-- Requirement --
Within the material below, locate the line with "Gucci Raja Broadway" and the line with "Engaged Couple take", then return those two lines and all lines between them, exactly as written.

-- Information supplied --
- - -

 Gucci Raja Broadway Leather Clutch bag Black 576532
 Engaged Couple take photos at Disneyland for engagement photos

- - -

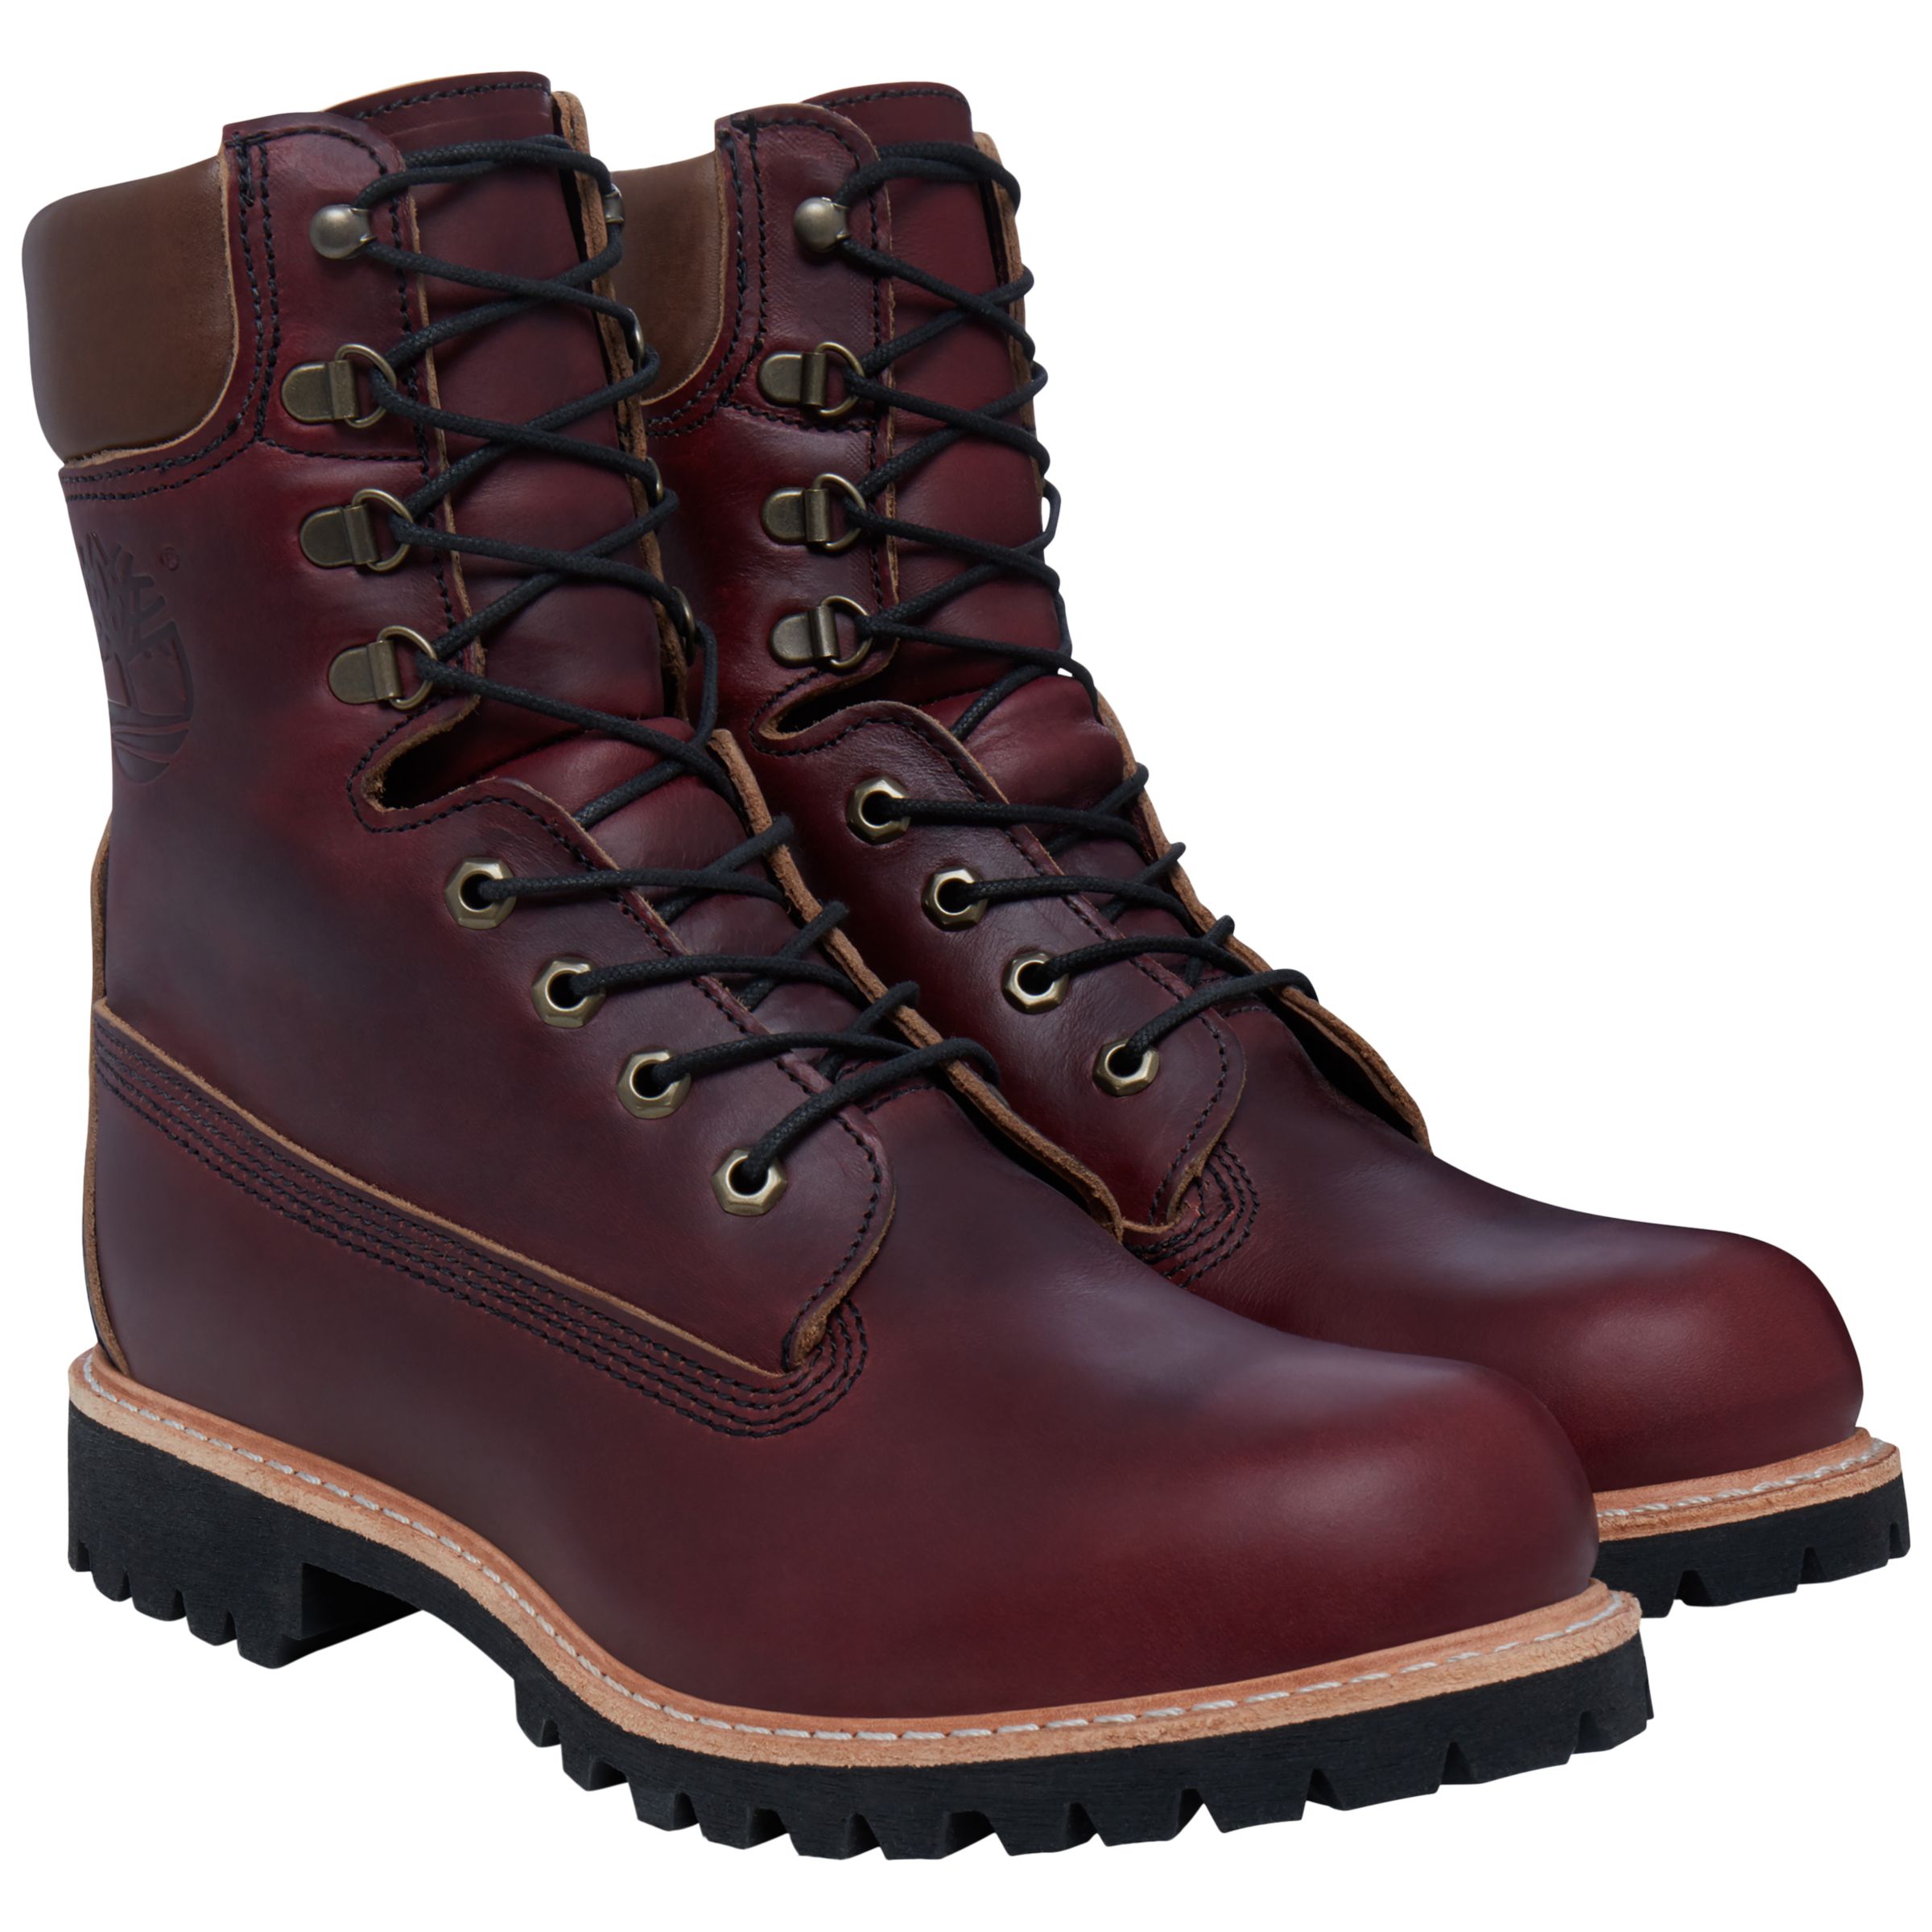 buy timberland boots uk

- - -

-- Final answer --
 Gucci Raja Broadway Leather Clutch bag Black 576532
 Engaged Couple take photos at Disneyland for engagement photos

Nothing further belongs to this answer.